Wednesday, May 28, 2025

A Guide to the Nerds of Fixed Income (part 1)

Years ago, when working at an unnamed European bank, I was attending a corporate retreat. During lunch one of my European colleagues jokingly but rather pointedly asked me, “why do you Americans think you are the center of the universe in finance?” 

Never known for my tact, I responded, “because we have the deepest, most liquid financial markets in the world. The US comprises about 40% of global debt and equity, which is 2 to 3 times the size of all European markets combined. Moreover, (yes, I really do speak like this and it’s as obnoxious as it sounds) about 25% of global trading volume across financial products is executed in NYC. So it’s not that we think we’re the center of the financial universe, it’s that we actually are.” 

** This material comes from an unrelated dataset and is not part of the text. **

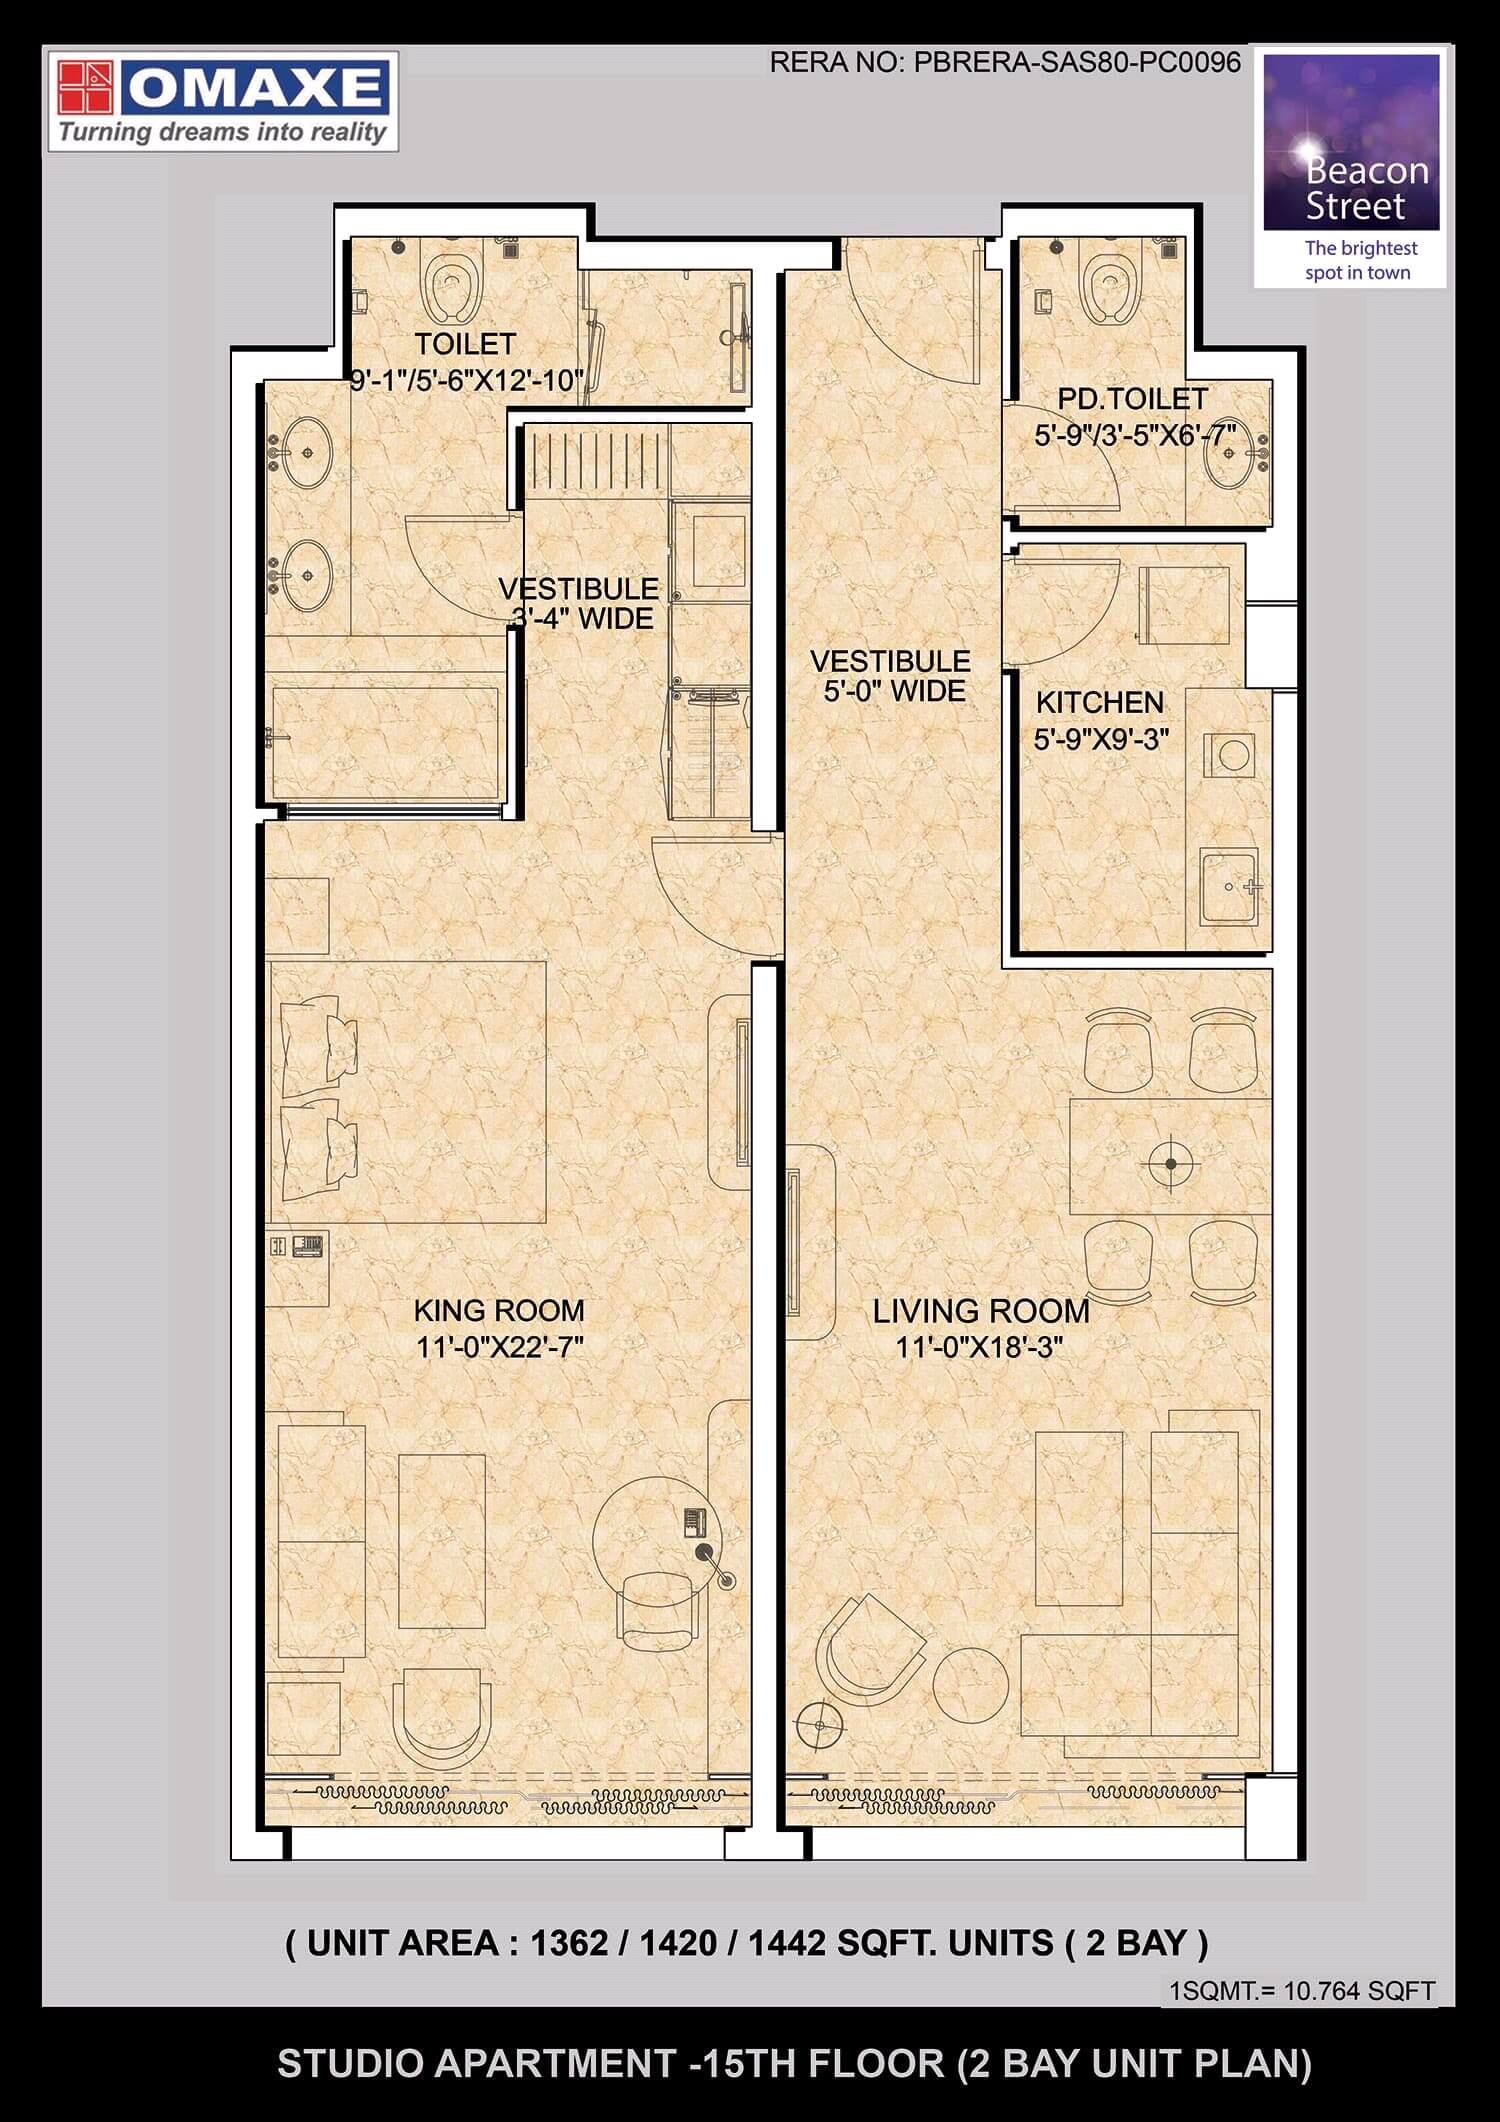 Omaxe Beacon Street Floor Plan

Yeah I know, but they were French and traded equities. Two things I find baffling. I don’t inquire why France thinks it has the best wine or Paris believes it’s the cultural capital of the universe. It does, it is, and you’ll get no arguments from me. 

Size matters

The global fixed income market had $140 trillion of securities outstanding as of 2023, with US fixed income accounting for roughly 40%, or $55 trillion. That’s nearly twice the size of the EU and UK combined, which account for 23%. 

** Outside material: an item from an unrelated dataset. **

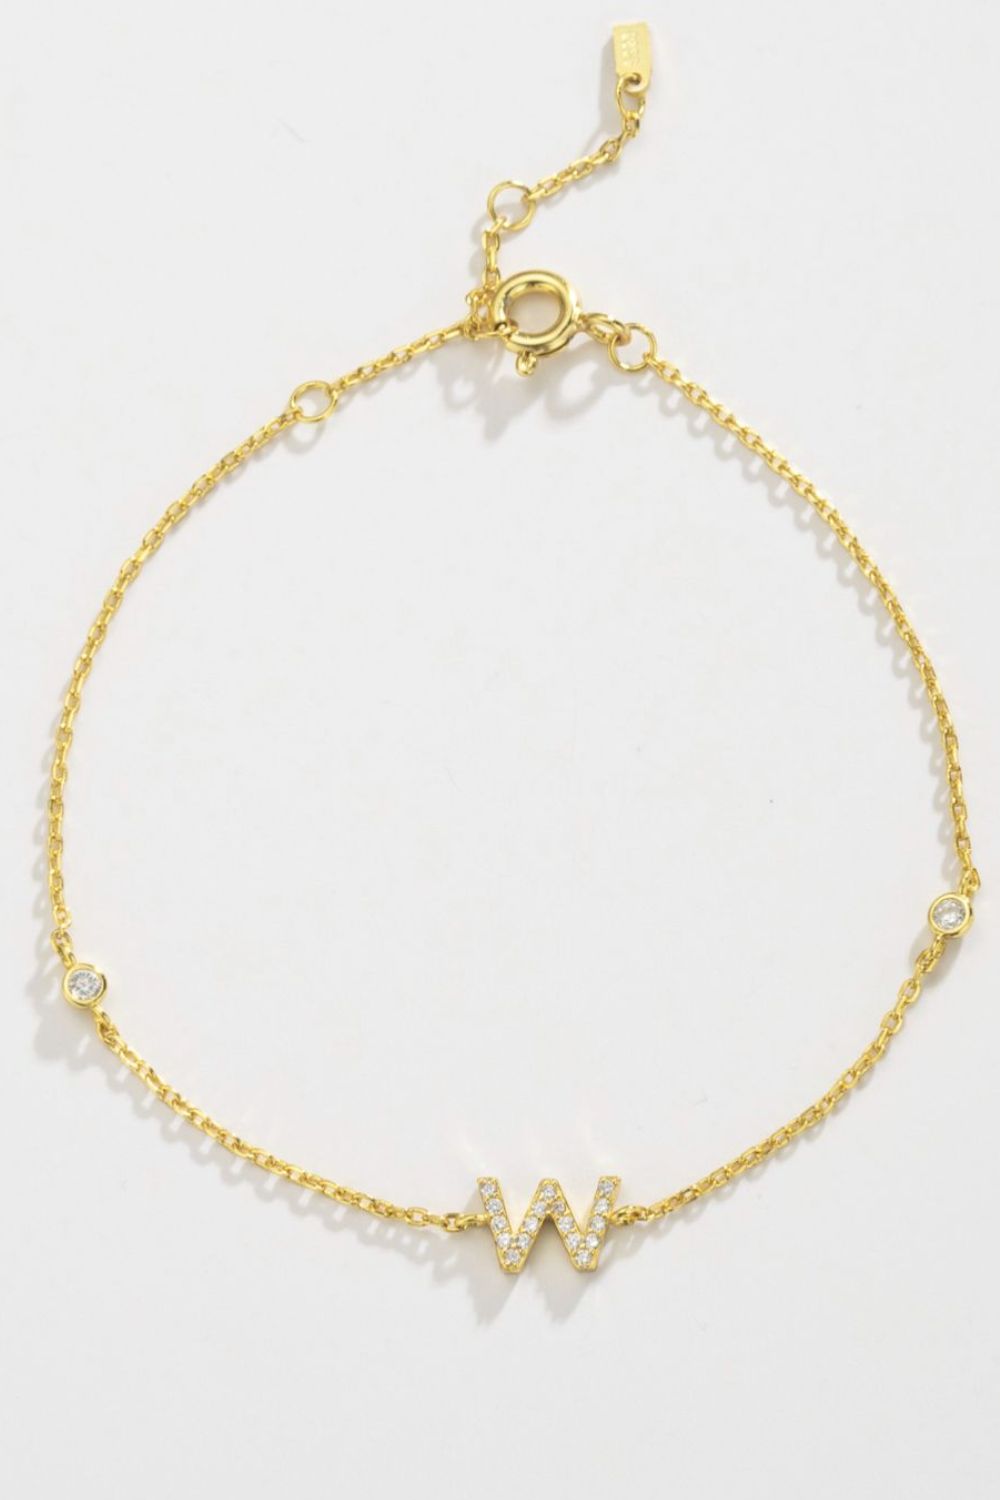 V To Z Zircon 925 Sterling Silver Bracelet - Women’s Jewelry - Bracelets - 9 - 2024

The global equity market is smaller at $115 trillion, but even more heavily weighted towards the US. The US equity markets represents 43%, or $49 trillion, while the EU comprises 11%; making US equities nearly 4 times the size of the next largest market. The third largest region is China, whose equity market cap is just under 10% of the global total. 

Bonds vs equities

A favorite quote of everyone in fixed income is from James Carville, a political strategist who rose to prominence during the Clinton years. 

“I used to think that if there was reincarnation, I wanted to come back as the president or the pope or a .400 baseball hitter. But now I want to come back as the bond market. You can intimidate everybody.” 

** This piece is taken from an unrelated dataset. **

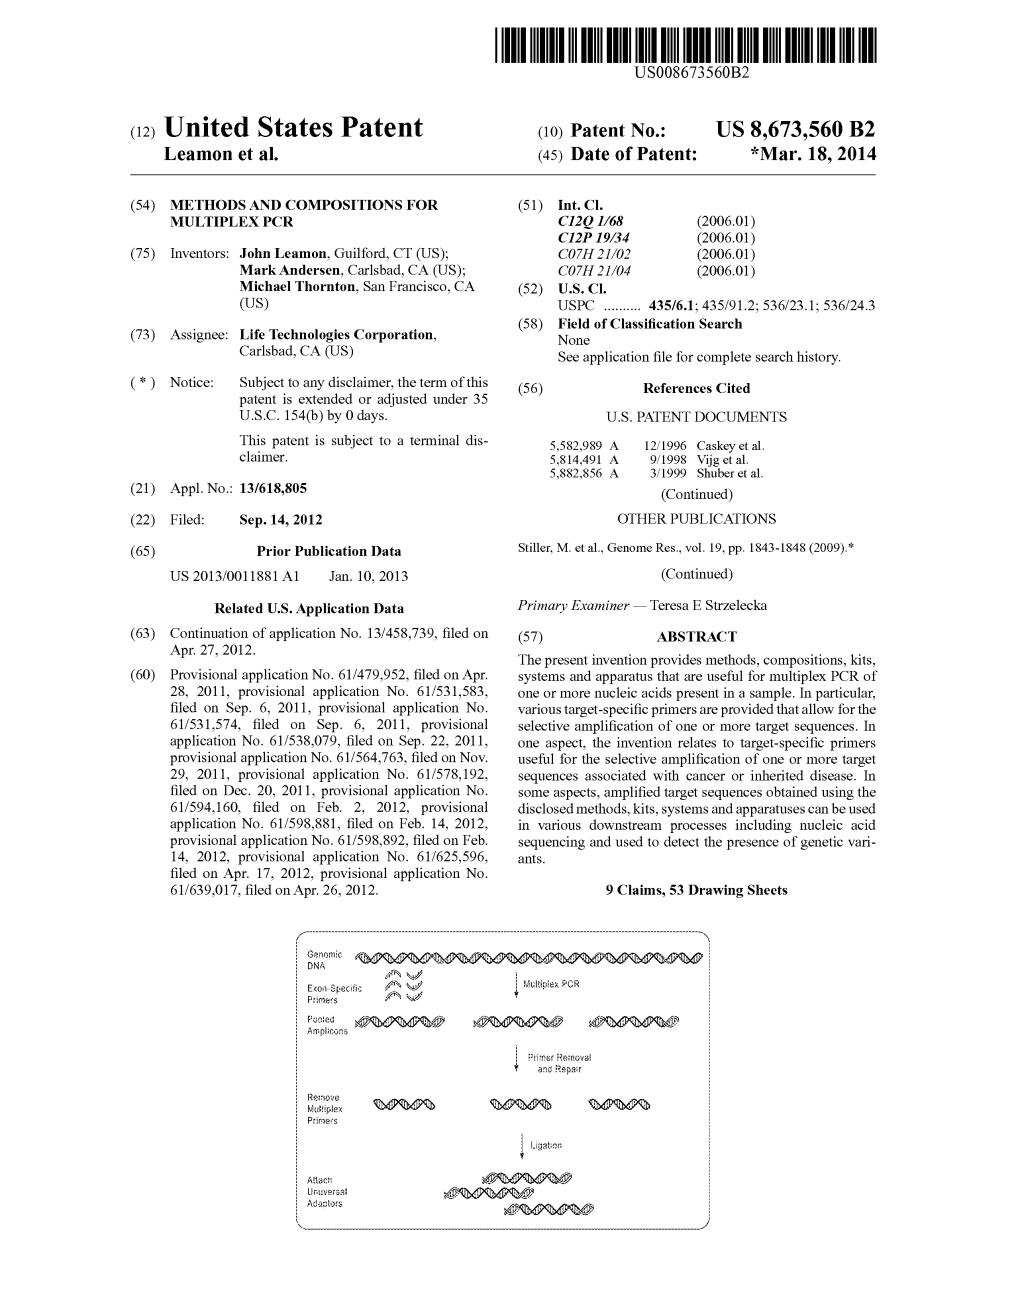 (12) United States Patent (10) Patent No.: US 8,673,560 B2 Leamon Et Al

If you work on the equity side of financial markets in virtually any capacity people tend to have at least a vague notion of what that is, and will politely suffer through a three minute response to the inevitable cold open of “what do you do for a living”? Those of us in fixed income have learned that responding at any length to such casual inquiries can result in a stampede to the bar as everyone within earshot suddenly needs to refresh their drink. 

The funny thing is that even within finance the two groups don’t tend to cross over much. It’s not just that they are functionally distinct markets, but the personalities of people who cover them are nearly diametrically opposed. 

The cheerleaders gravitate to equities

Equity markets are famously emotional. Yes, there are valuation models. Stock prices are supposedly tethered to reality via discounted cash flow models, price earnings ratios or other multiples, or some asset based method for estimating intrinsic value. Three different models will produce three wildly different theoretical valuations and none of them will be close to the actual stock price. The best laid battle plan rarely survives first contact with the enemy and the best stock price model can become irrelevant given a new company press release or government regulation. 

On the upside, every publicly traded share of stock of a company (of the same class) looks and is valued identically. Price, liquidity and trading volume data is mostly transparent and publicly available relatively quickly. There are nuances and dark pools and I’m sure loads of intricacies that I don’t know about or track because I’m not in equities. But overall I would say equity markets are easier to understand, particularly for non-experts, but can be more volatile and much harder to forecast. 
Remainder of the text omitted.